**EXERCISE PROMPT:** Note on the material below: return exactly the lines from the line that holds "Seat Leon facelift 2017 (4)" through the line that holds "ASUS TUF Gaming", and leave out each picture.

**RECORDS SHOWN:**
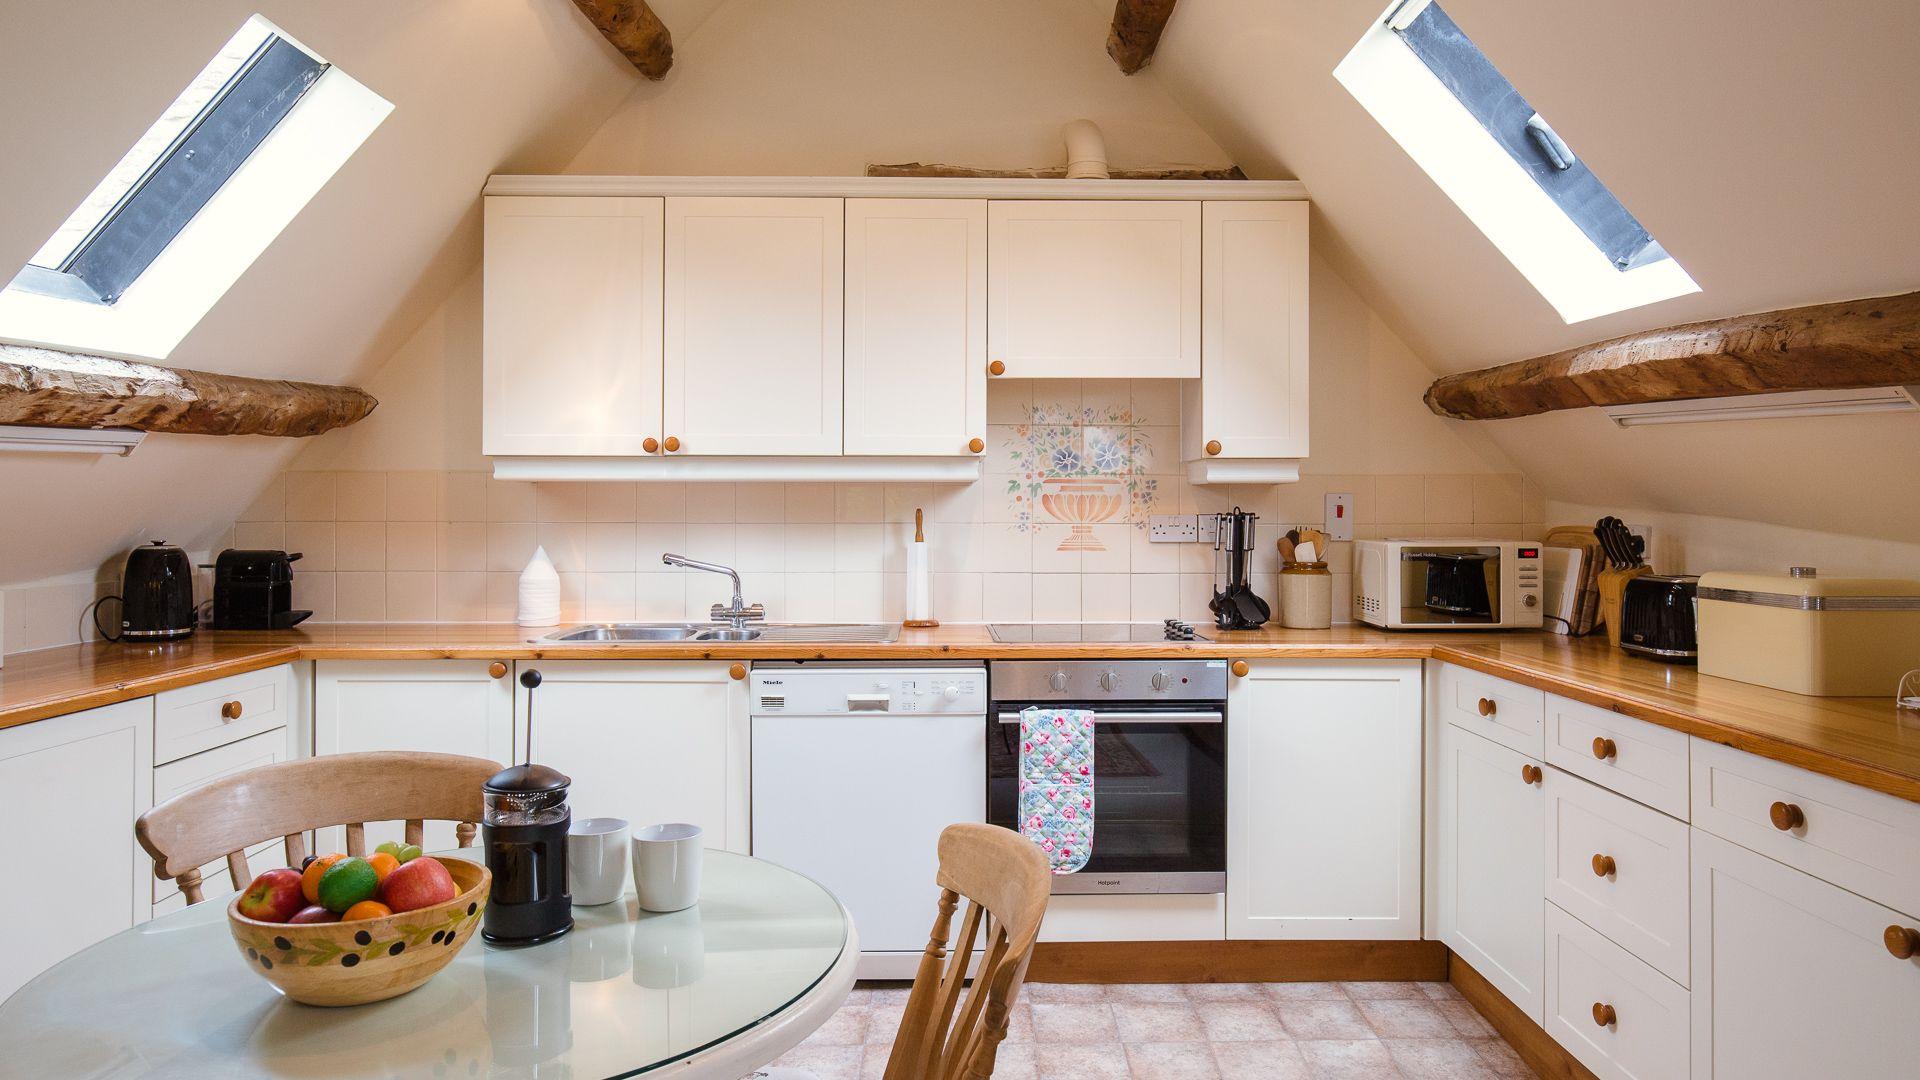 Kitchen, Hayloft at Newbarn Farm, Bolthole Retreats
...
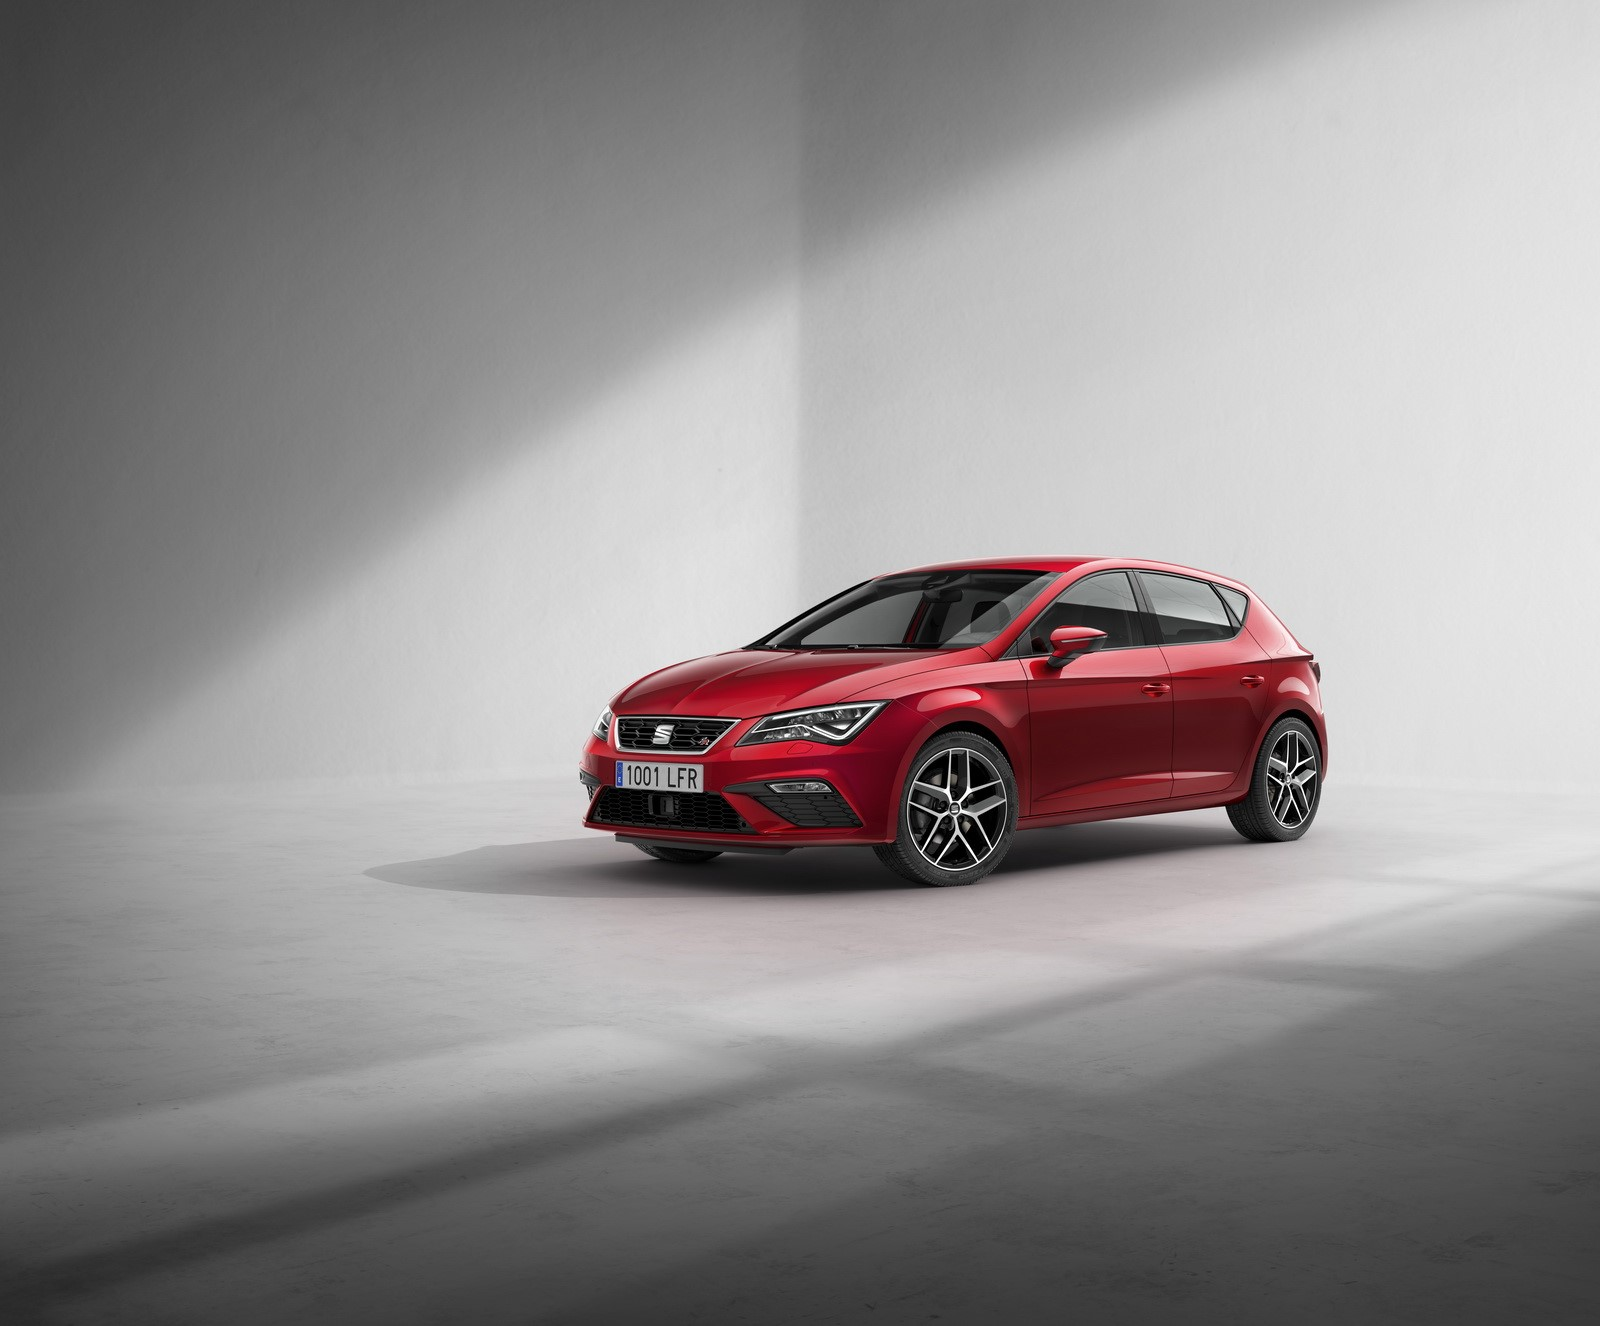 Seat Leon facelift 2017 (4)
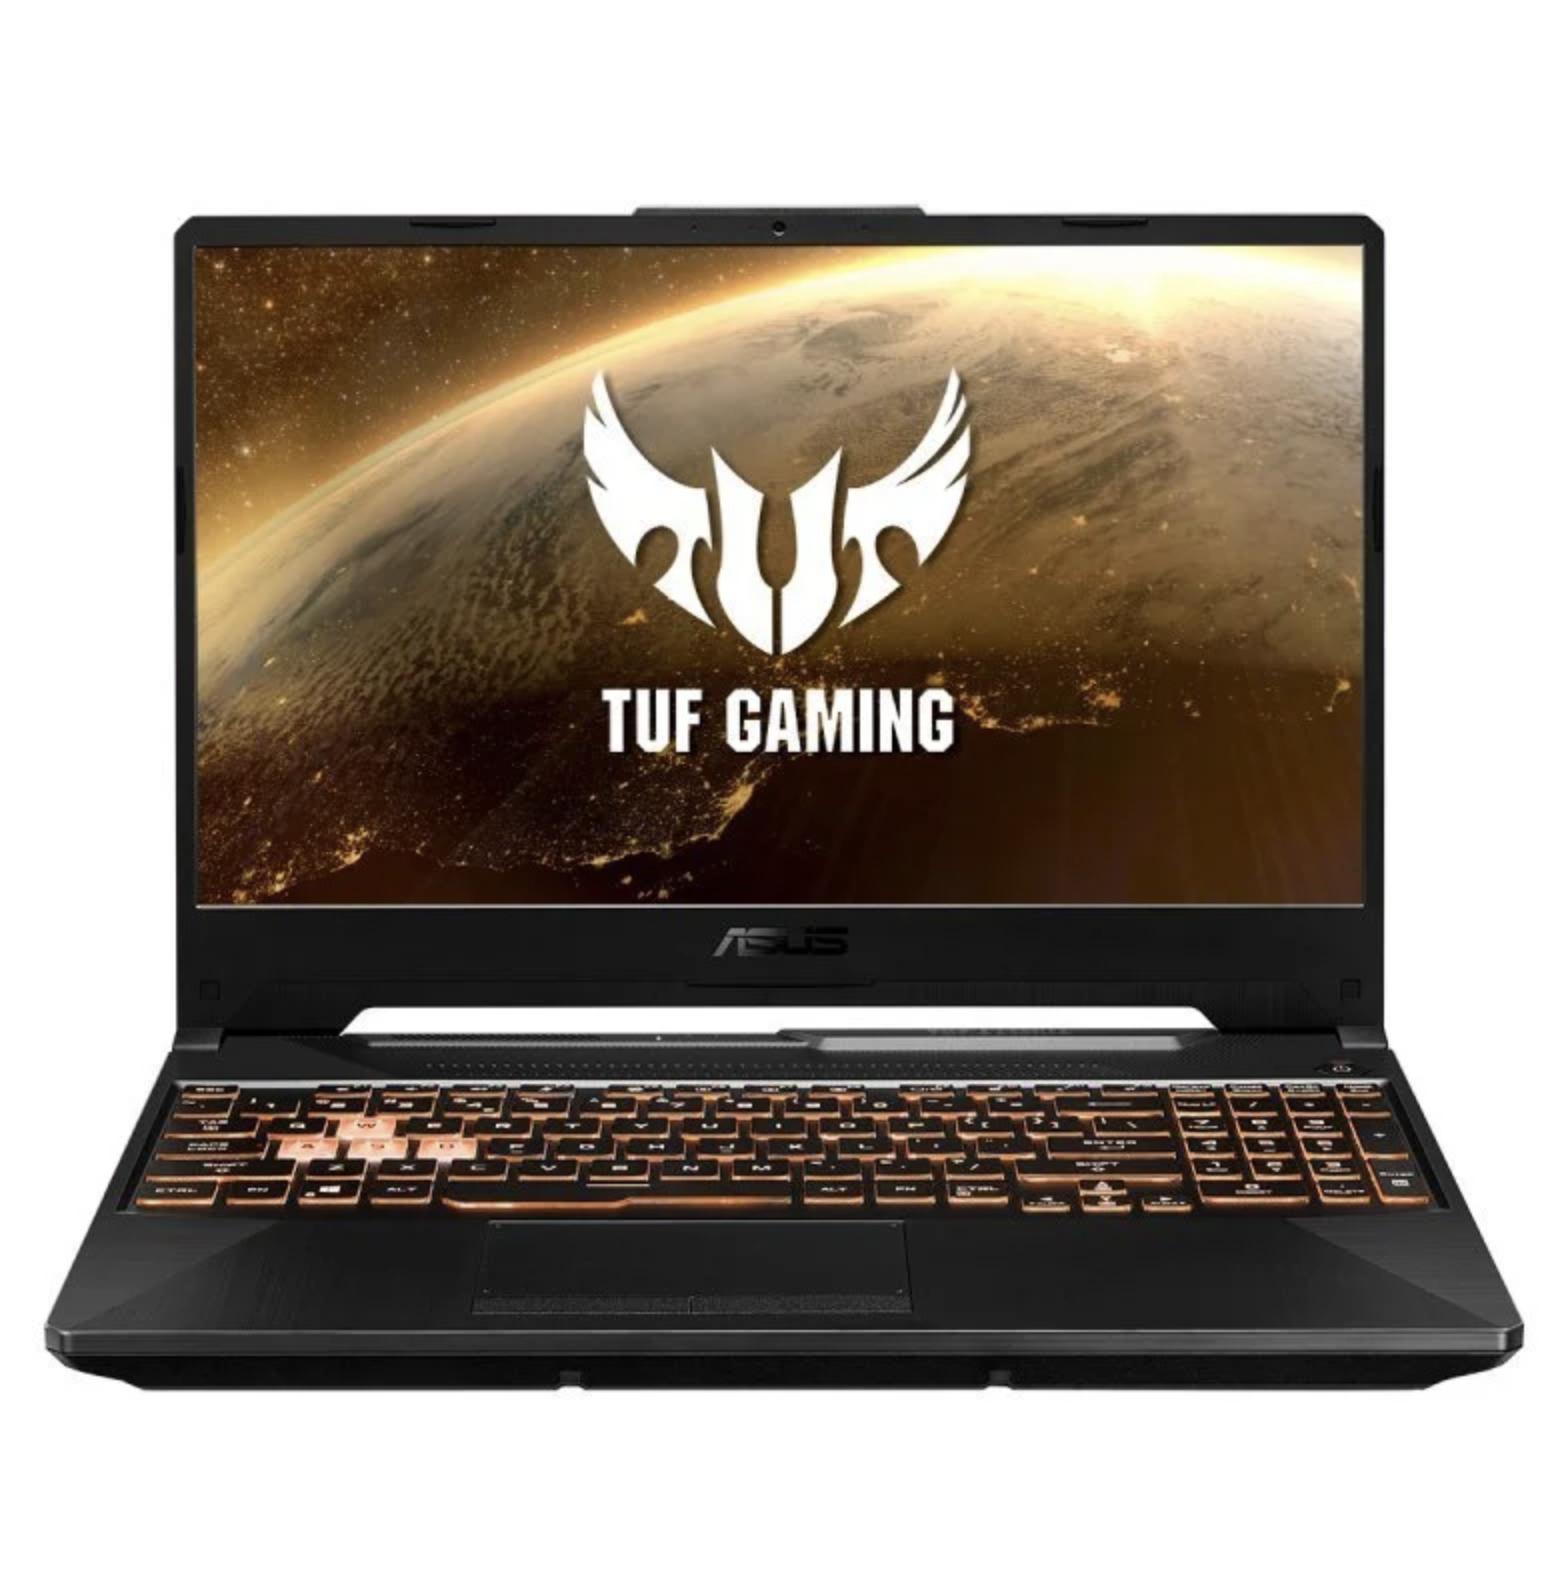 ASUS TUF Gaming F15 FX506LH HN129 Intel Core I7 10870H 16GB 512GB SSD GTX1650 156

**FINAL ANSWER:**
 Seat Leon facelift 2017 (4)
 ASUS TUF Gaming F15 FX506LH HN129 Intel Core I7 10870H 16GB 512GB SSD GTX1650 156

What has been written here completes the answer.